## [Description of the task]
Output the full listing below exactly as it reads, and skip anything that is a picture.

## [The data]
==============================

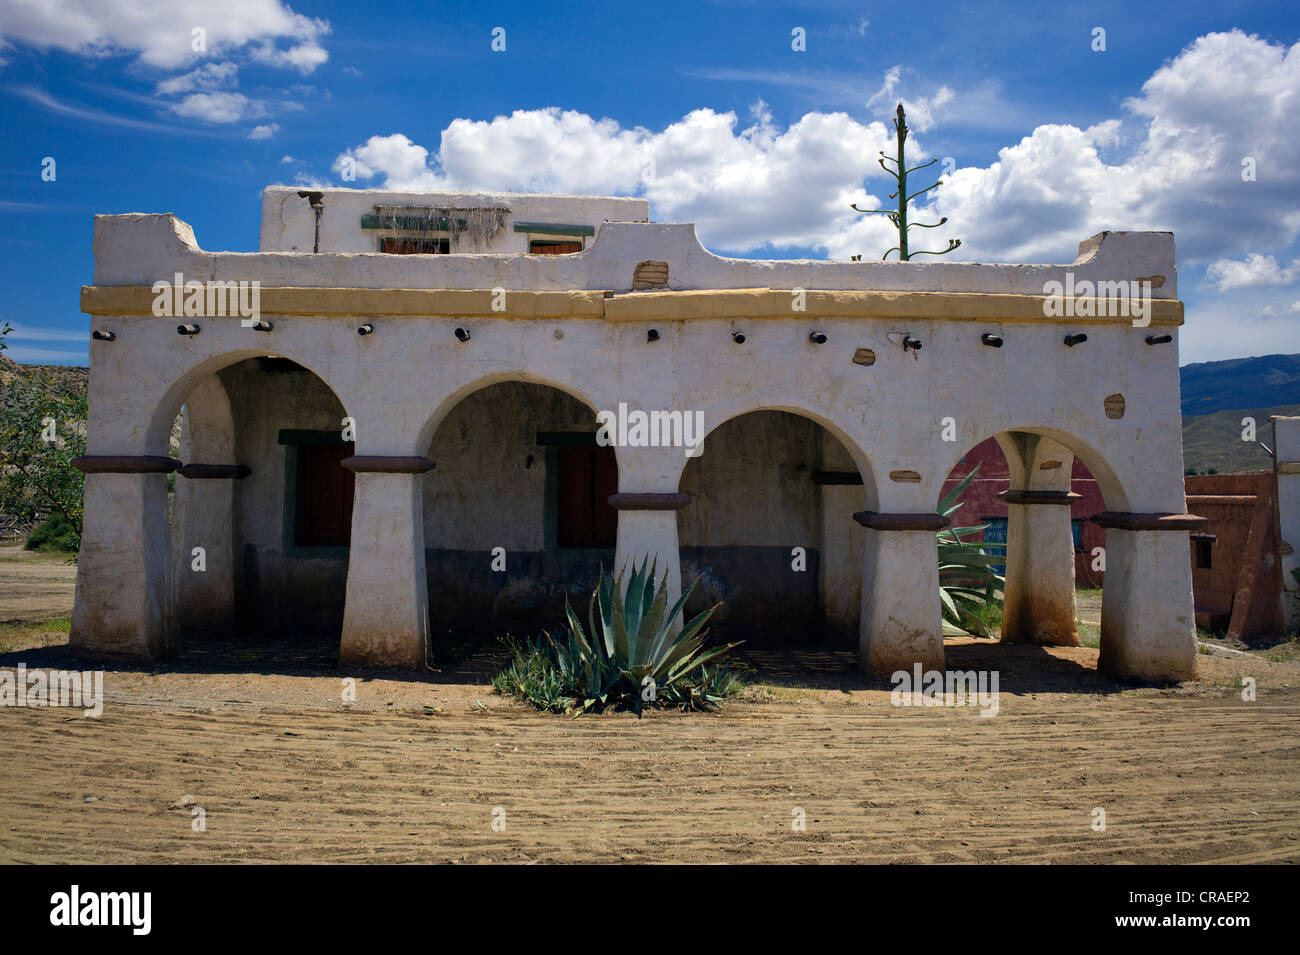 Fort Bravo, Westernstadt, ehemalige Film-set, Lucky Luke, The Daltons, jetzt eine touristische Attraktion, Tabernas, Andalusien, Spanien, Europa Stockfoto
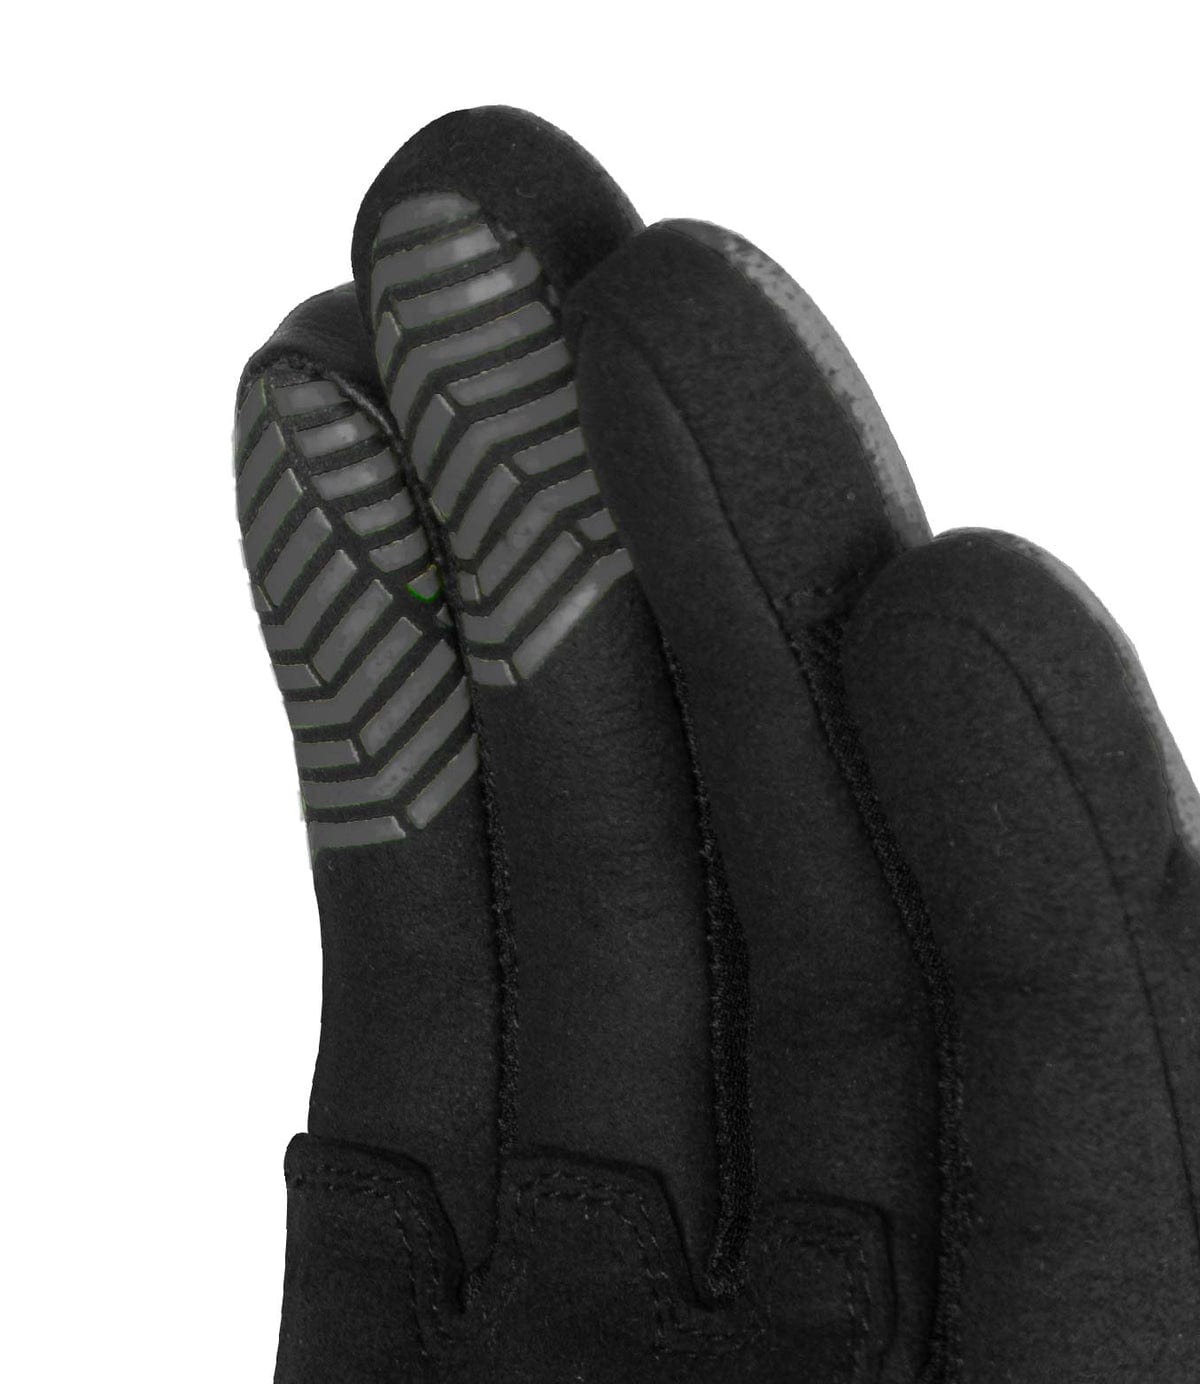 Destination Moto Rynox Helium GT Gloves (Black Grey)
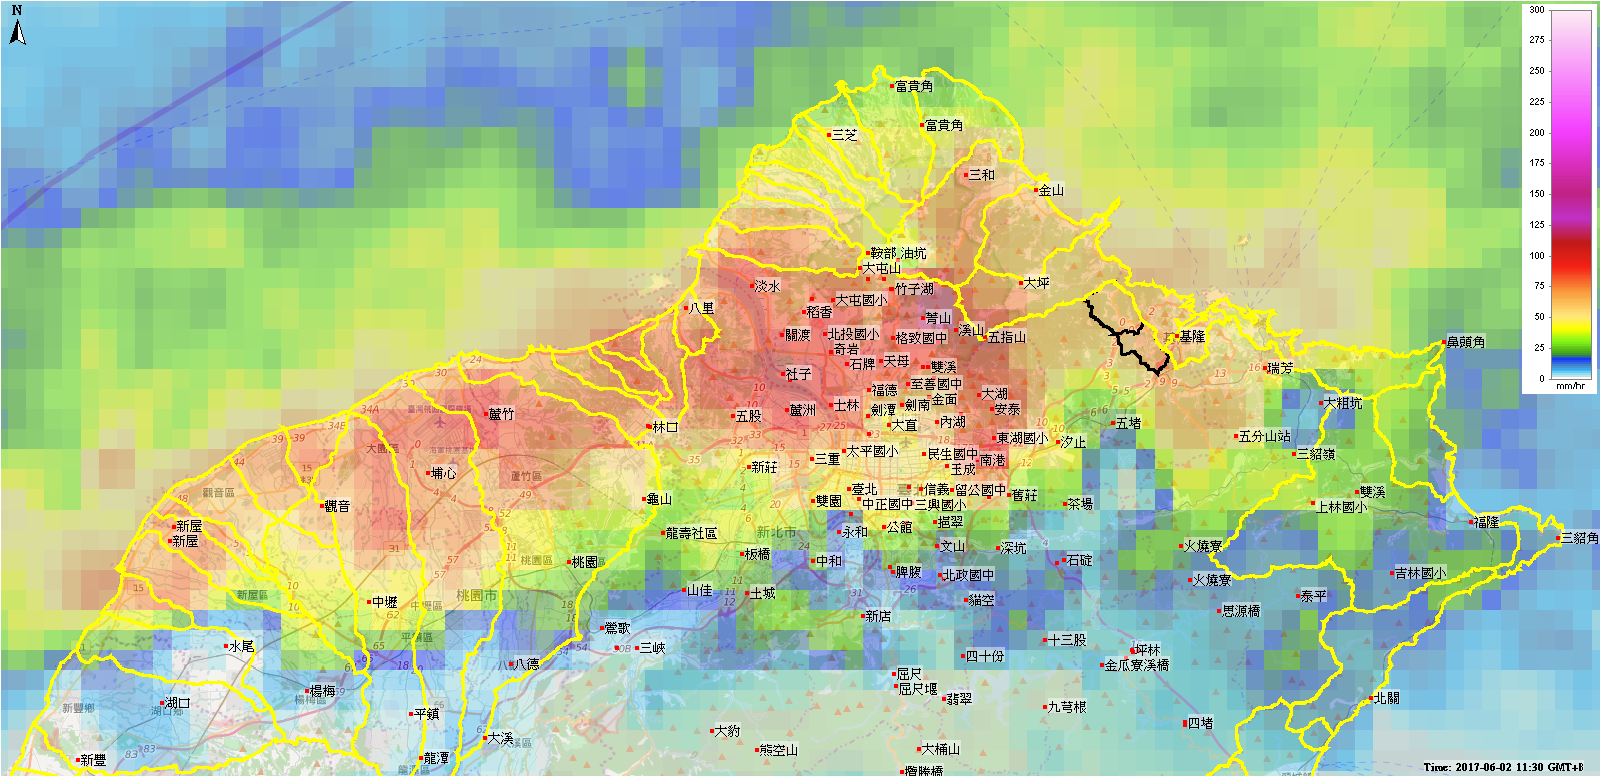 圖1雷達觀測降雨空間分布2017-06-02豪雨事件

==============================

## [Answer box]
 Fort Bravo, Westernstadt, ehemalige Film-set, Lucky Luke, The Daltons, jetzt eine touristische Attraktion, Tabernas, Andalusien, Spanien, Europa Stockfoto
 Destination Moto Rynox Helium GT Gloves (Black Grey)
 圖1雷達觀測降雨空間分布2017-06-02豪雨事件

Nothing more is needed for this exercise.